Another high authority, Carpenter, says that vivisection has greatly aided physicians in curing heart disease, as well as in preventing blood-poisoning by taking antiseptic precautions. Much has been learned as to the value of hypodermic injections, and also of bromide of potassium, chloral, salicylic acid, cocaine, amyl, digitalis, and strychnia. Some of these drugs are so poisonous that they would never have been administered to human beings if they could not have been tried previously on the lower animals. The experiments in question have recently assisted in curing yellow fever, sunstroke, diabetes, epilepsy, erysipelas, cholera, consumption, and trichinosis. The German professors of medicine testified in a body that vivisection has regenerated the healing art. Similar testimony was given in 1881 by the three thousand members of the International Medical Congress; and the British Medical Association has taken the same position.
The facts are so plain that an English judge, who was a vice-president of Miss Cobbe's society, admitted that "vivisection enlarges knowledge"; but he condemned it as ''displeasing to Almighty God.'' It was said to go "hand in hand with atheism"; and several of the Episcopalian bishops, together with Cardinal Manning, opposed it as irreligious.
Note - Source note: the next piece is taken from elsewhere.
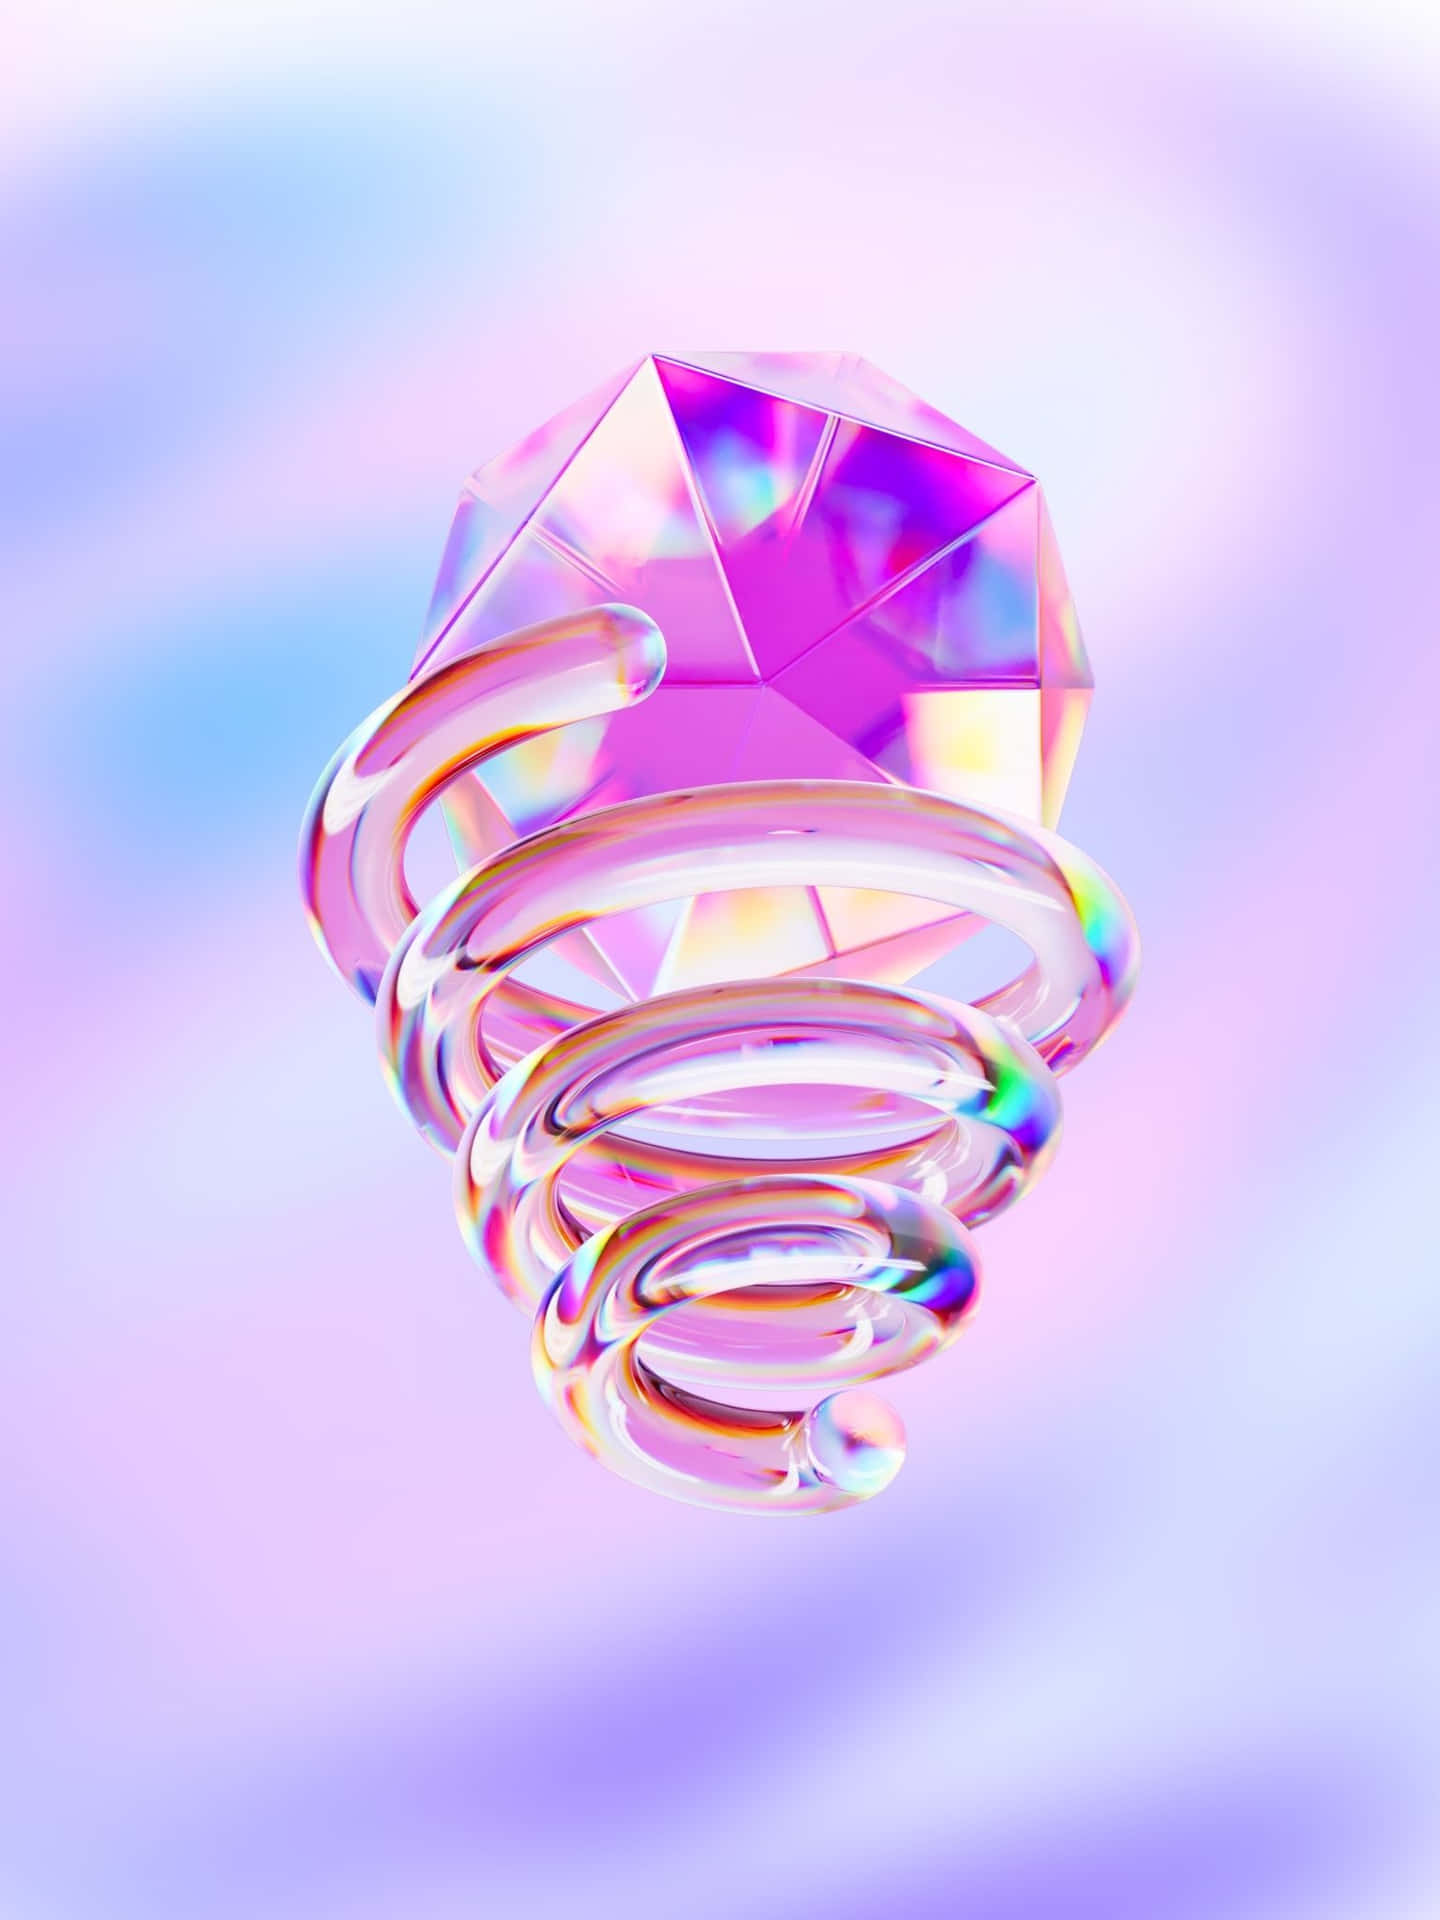 A Pink And Purple Spiral Ring On A Blue Background

Transcendentalists are compelled by their philosophy to decide on the morality of all actions solely by the inner light, and not permitted to pay any attention to consequences. Many of them in England and America agreed to demand the total suppression of vivisection, "even should it chance to prove useful." This ground was taken in 1877 by Miss Cobbe's society; and she declared, five years later, in The Fortnightly, that she was determined "to stop the torture of animals, a grave moral offence, with the consequences of which—be they fortunate or the reverse—we are no more concerned than with those of any other evil deed." Later she said: "Into controversies concerning the utility of vivisection, I for one refuse to enter"; and she published a leaflet advising her sisters to follow her example. Ruskin took the same ground. These hasty enthusiasts were equally indifferent to another fact, which ought not to have been overlooked, namely, that suffering was usually prevented by the use of anaesthetics, which are indispensable for the success of many experiments. The bill for prohibiting any vivisection was brought into the House of Lords in 1879; But was opposed by a nobleman who presided over the Society for the Prevention of Cruelty to Animals; and it was lost by 16 votes against 97. The House of Commons refused even to take action on the subject, despite four years of agitation. Thus the right of scientific research was finally secured.
Miss Cobbe was one of the noblest of women; but even she was made blind by her philosophy to the right of people who prefer scientific methods to act up to their convictions. Garrison, too, was notoriously unable to do justice to anyone, even an abolitionist, who did not agree with him. There is nothing in Transcendentalism to prevent intolerance. This philosophy has done immense service to the philanthropy as well as the poetry of the nineteenth century; but human liberty will gain by the discovery that no such system of metaphysics can be anything better than a temporary bridge for passing out of the swamps of superstition, across the deep and furious torrent of scepticism, into a land of healthy happiness and clear, steady light.